**REQUIRED ACTION:** From the first line to the last, copy the listing exactly and omit the pictures.

**DATA BLOCK:**
---
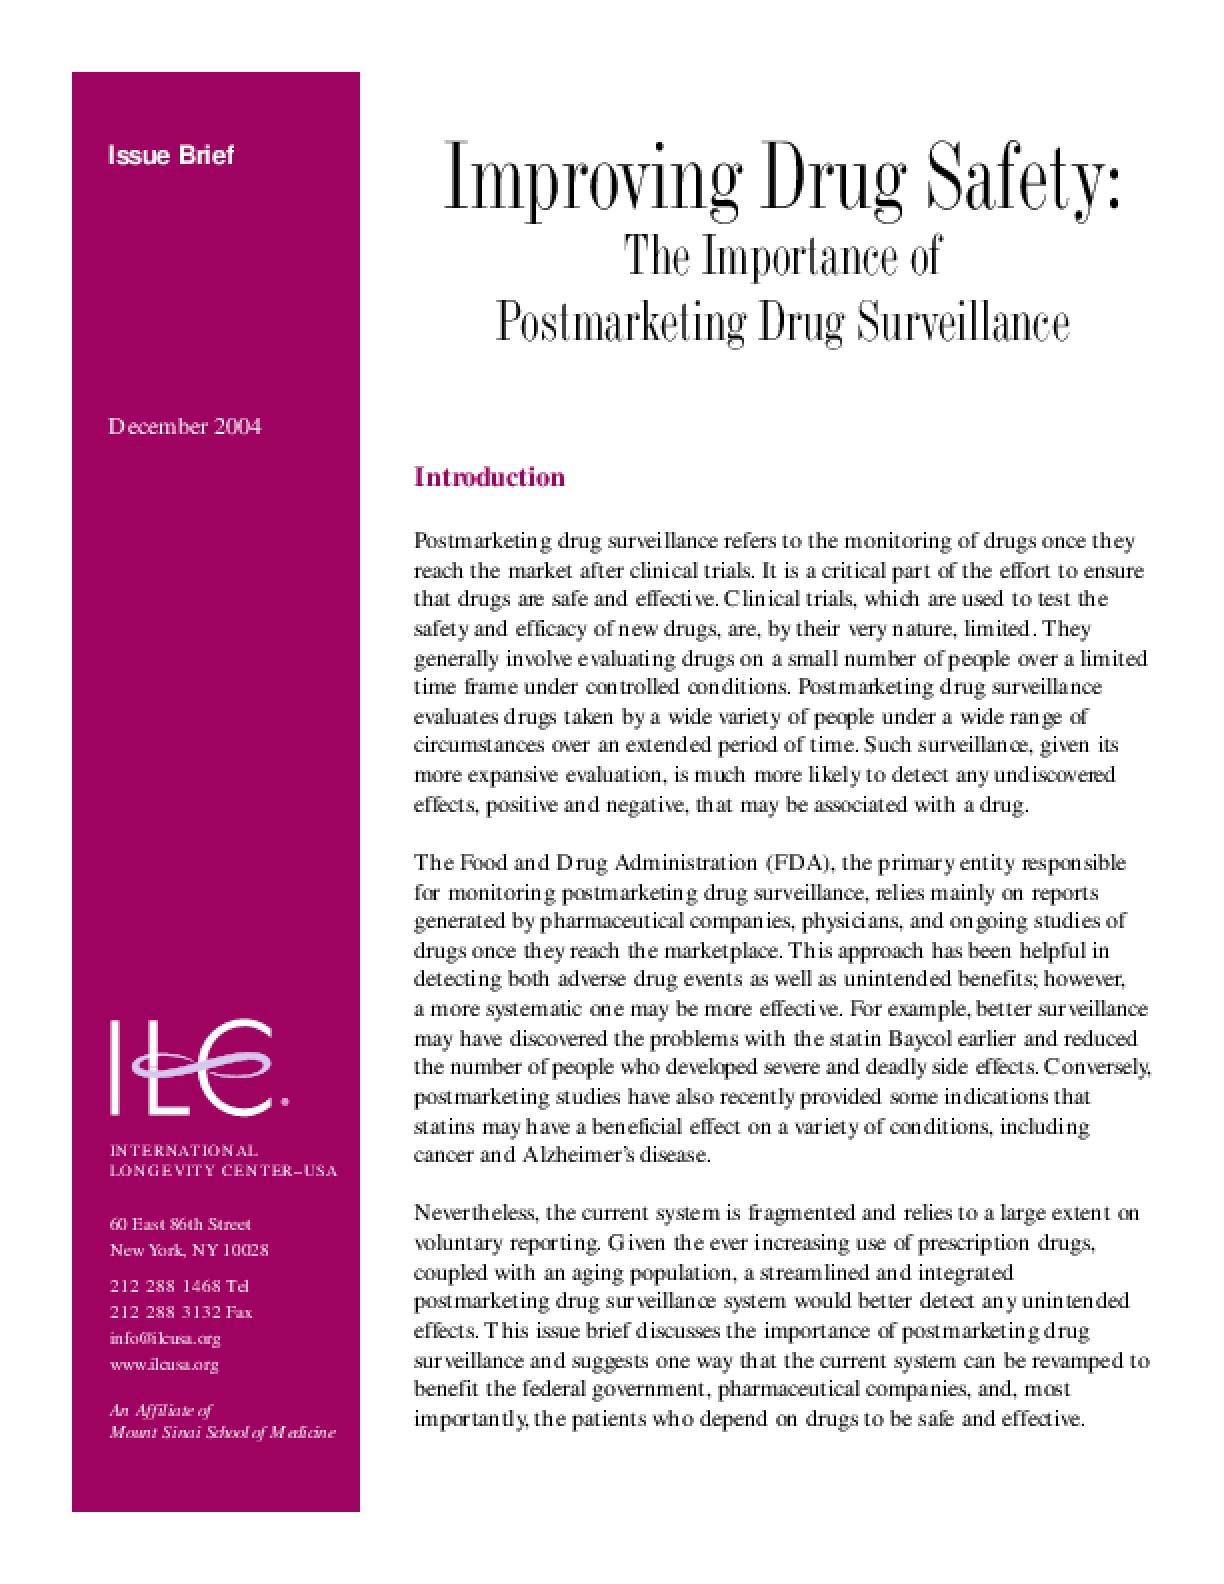 Improving Drug Safety: The Importance of Postmarking Drug Surveillance
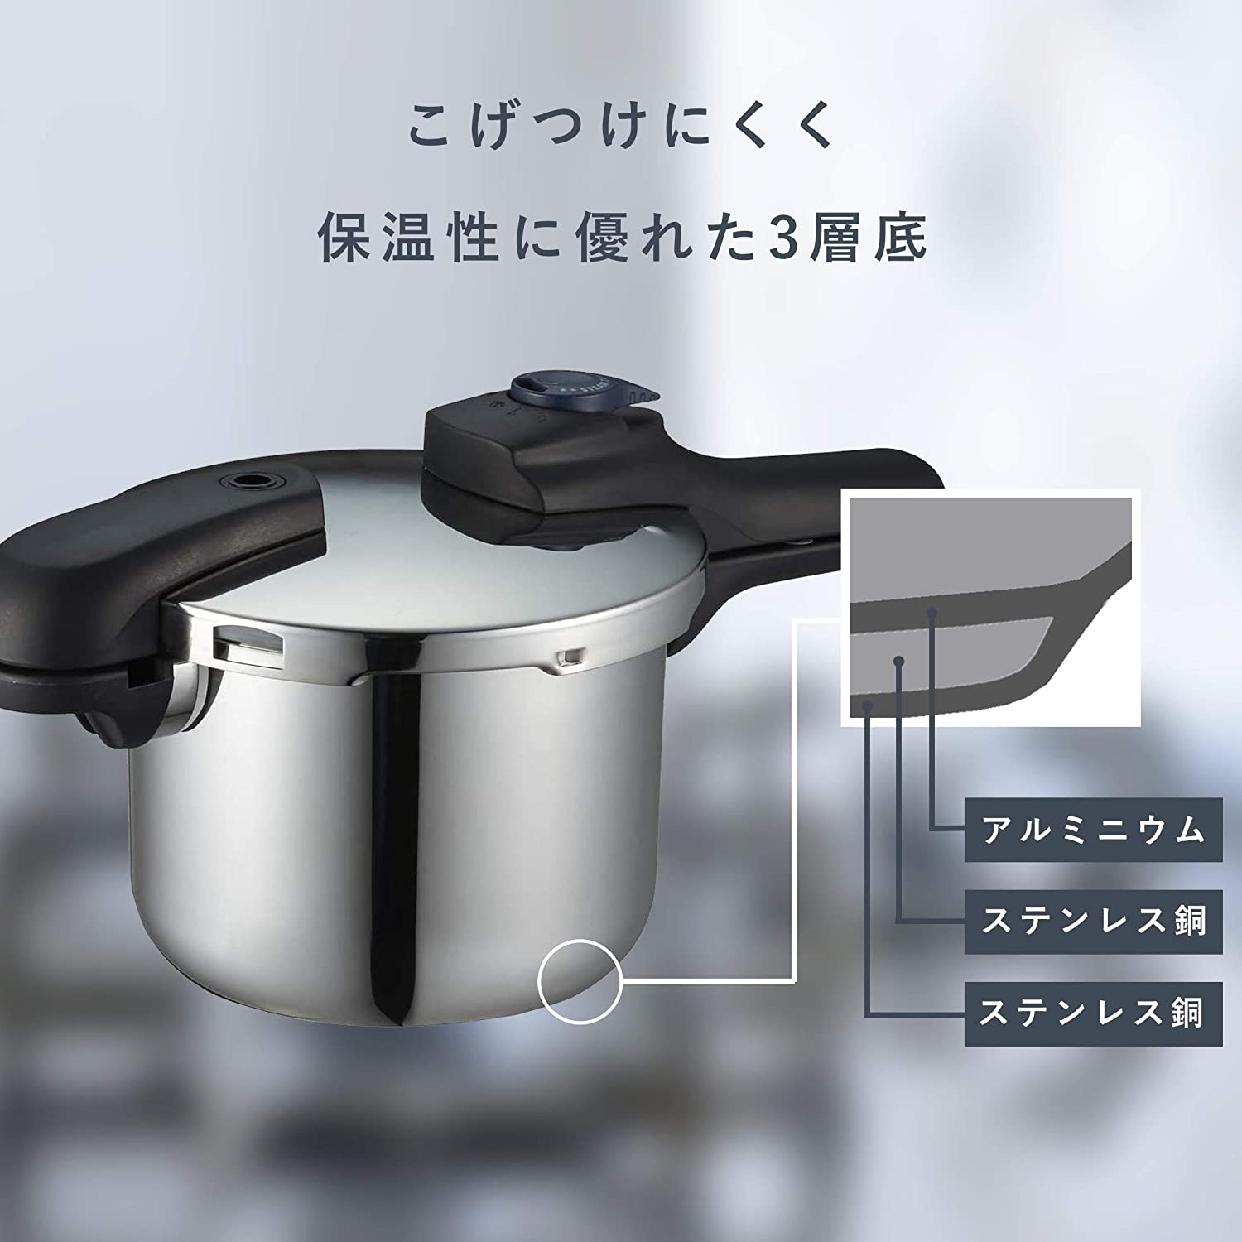 パール金属(PEARL) クイックエコ 3層底切り替え式圧力鍋 H-5040の商品画像5
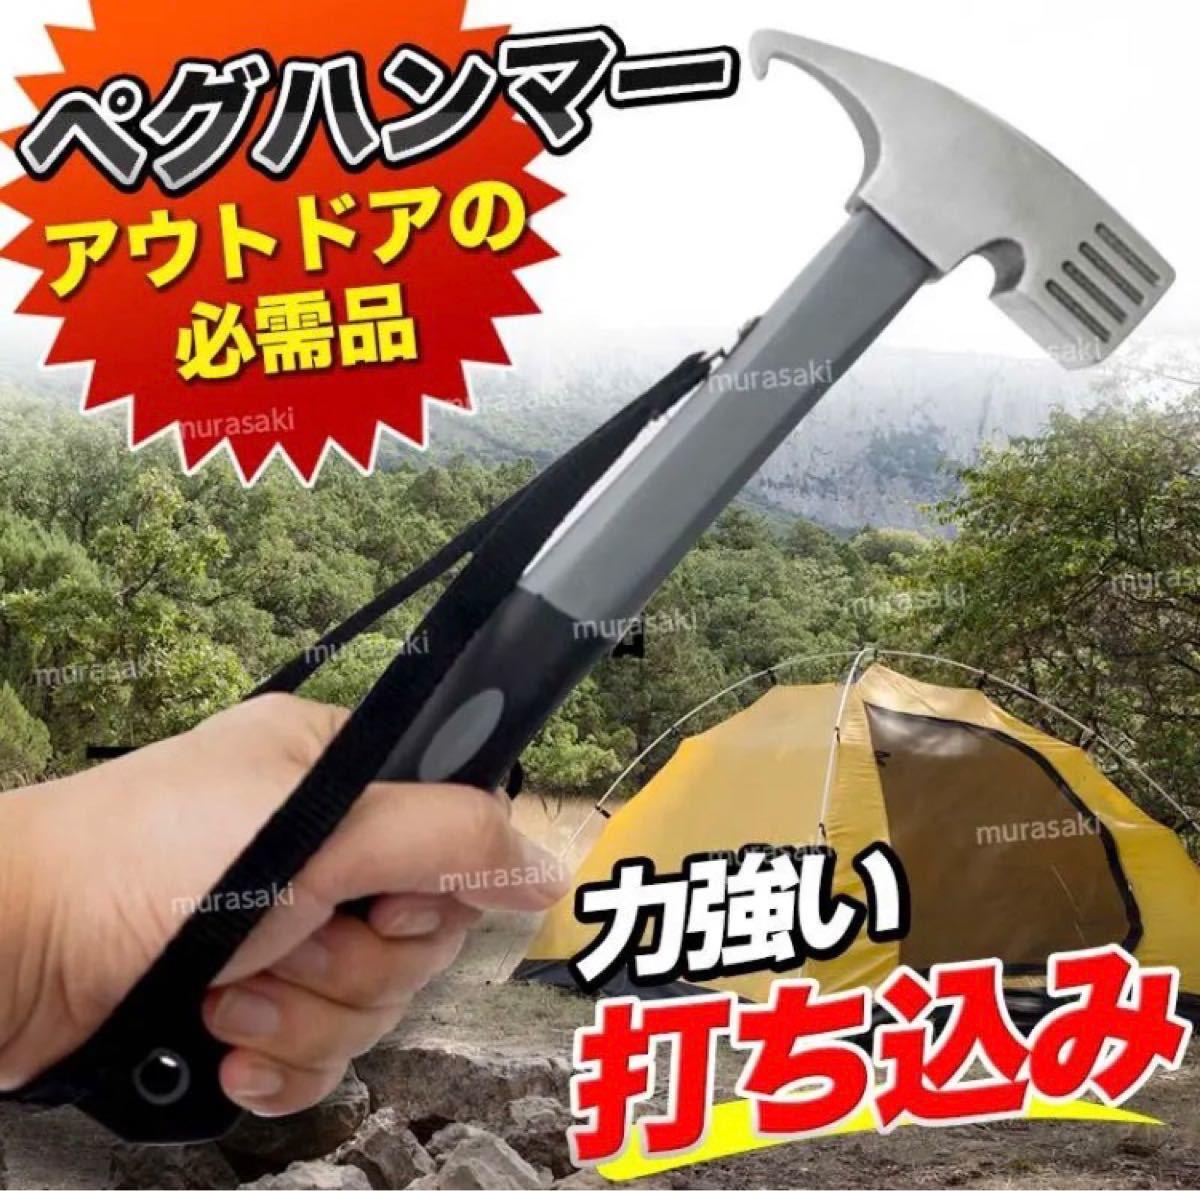 キャンプ用品 ペグハンマー
---
**OUTPUT FOR THIS TASK:**
 Improving Drug Safety: The Importance of Postmarking Drug Surveillance
 パール金属(PEARL) クイックエコ 3層底切り替え式圧力鍋 H-5040の商品画像5
 キャンプ用品 ペグハンマー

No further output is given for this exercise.